People v. Smego (In Re Smego)

2017 IL App (2d) 160335, 90 N.E.3d 530, 2017 Ill. App. LEXIS 687
CourtAppellate Court of Illinois
DecidedNovember 2, 2017
Docket2-16-0335
StatusUnpublished
Cited by4 cases

This text of 2017 IL App (2d) 160335 (People v. Smego (In Re Smego)) is published on Counsel Stack Legal Research, covering Appellate Court of Illinois primary law. Counsel Stack provides free access to over 12 million legal documents including statutes, case law, regulations, and constitutions.

Bluebook
People v. Smego (In Re Smego), 2017 IL App (2d) 160335, 90 N.E.3d 530, 2017 Ill. App. LEXIS 687 (Ill. Ct. App. 2017).

Opinion

JUSTICE McLAREN delivered the judgment of the court, with opinion.

*532 ¶ 1 In 2009, respondent, Richard Smego, was adjudicated a sexually violent person (SVP) under the Sexually Violent Persons Commitment Act (Act) ( 725 ILCS 207/1 et seq. (West 2008)) and committed to the custody of the Department of Human Services (DHS). He now appeals a judgment denying, without an evidentiary hearing, his petition for conditional release (see 725 ILCS 207/60 (West 2014) ). We affirm.
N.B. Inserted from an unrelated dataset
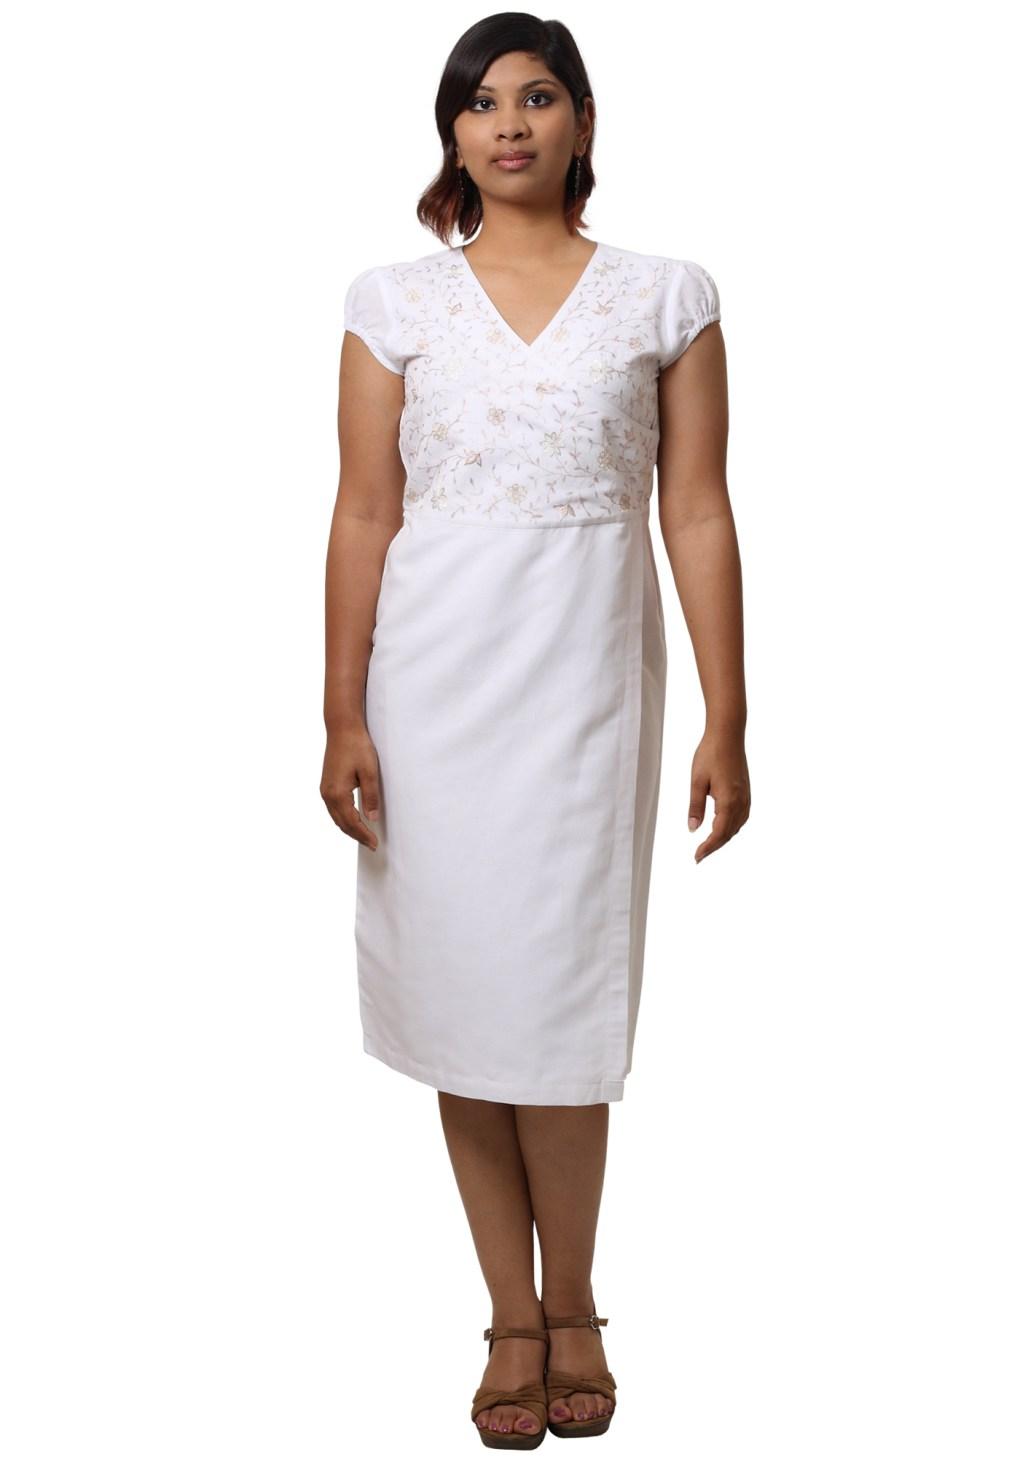 MINC Asymmetric Embroidered White Linen Dress
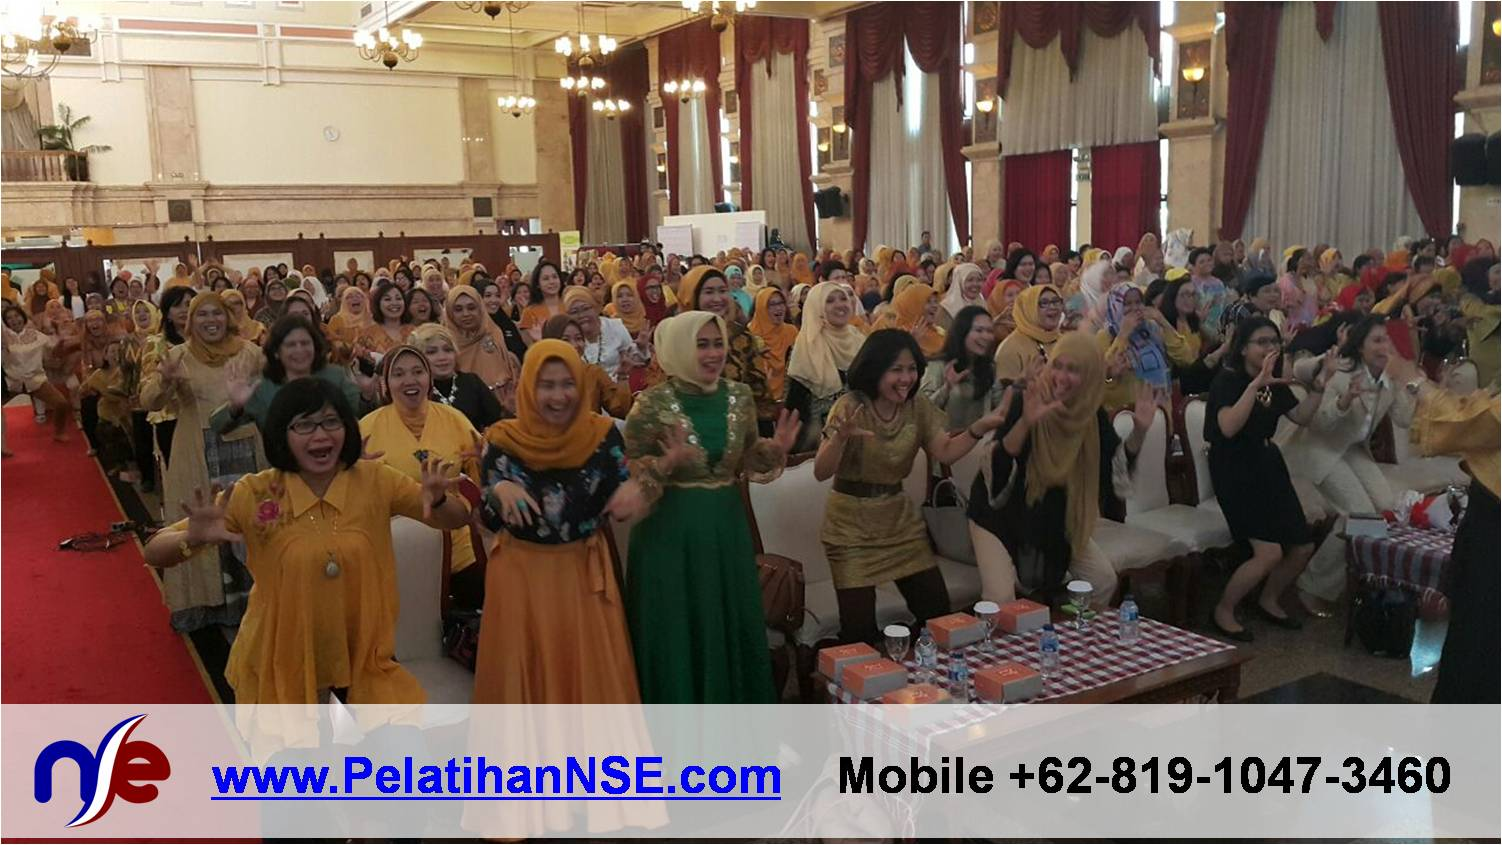 Yoga Tawa - Nova Inspiring Day 29 April 2015 - 1000 peserta melakukan Tawa Singa.png

¶ 2 In 2005, the State petitioned to have respondent committed as an SVP, based on his 1995 convictions of aggravated criminal sexual abuse ( 720 ILCS 5/12-16(a)(1) (West 1994)) and other offenses. The victim was a 14-year-old male. The court found probable cause to detain respondent, and he was committed to the DHS. On June 17, 2009, the parties stipulated that Drs. Joseph Proctor and Raymond Wood had evaluated respondent, Proctor would testify that he had "Paraphilia Not Otherwise Specified [ (NOS) ], Sexually Attracted to Both," Wood would testify that he had "Paraphilia Not Otherwise Specified, Sexually Attracted to Non-Consenting Adolescent Males, Nonexclusive [T]ype," and both would testify that his mental disorder made it substantially probable that he would engage in future acts of sexual violence (see 725 ILCS 207/5(f) (West 2008)). On that day, by an agreed order, the trial court found that respondent was an SVP and committed him to the DHS until further order.

¶ 3 Respondent was reevaluated periodically (see 725 ILCS 207/55(b) (West 2010)) and, each time, the trial court found no probable cause to hold a hearing on whether he was still an SVP in need of treatment on a secure basis. On January 15, 2013, the State moved for a finding of no probable cause, submitting the report of Dr. Kimberly Weitl. On January 22, 2013, the trial court granted the State's motion and continued respondent's confinement.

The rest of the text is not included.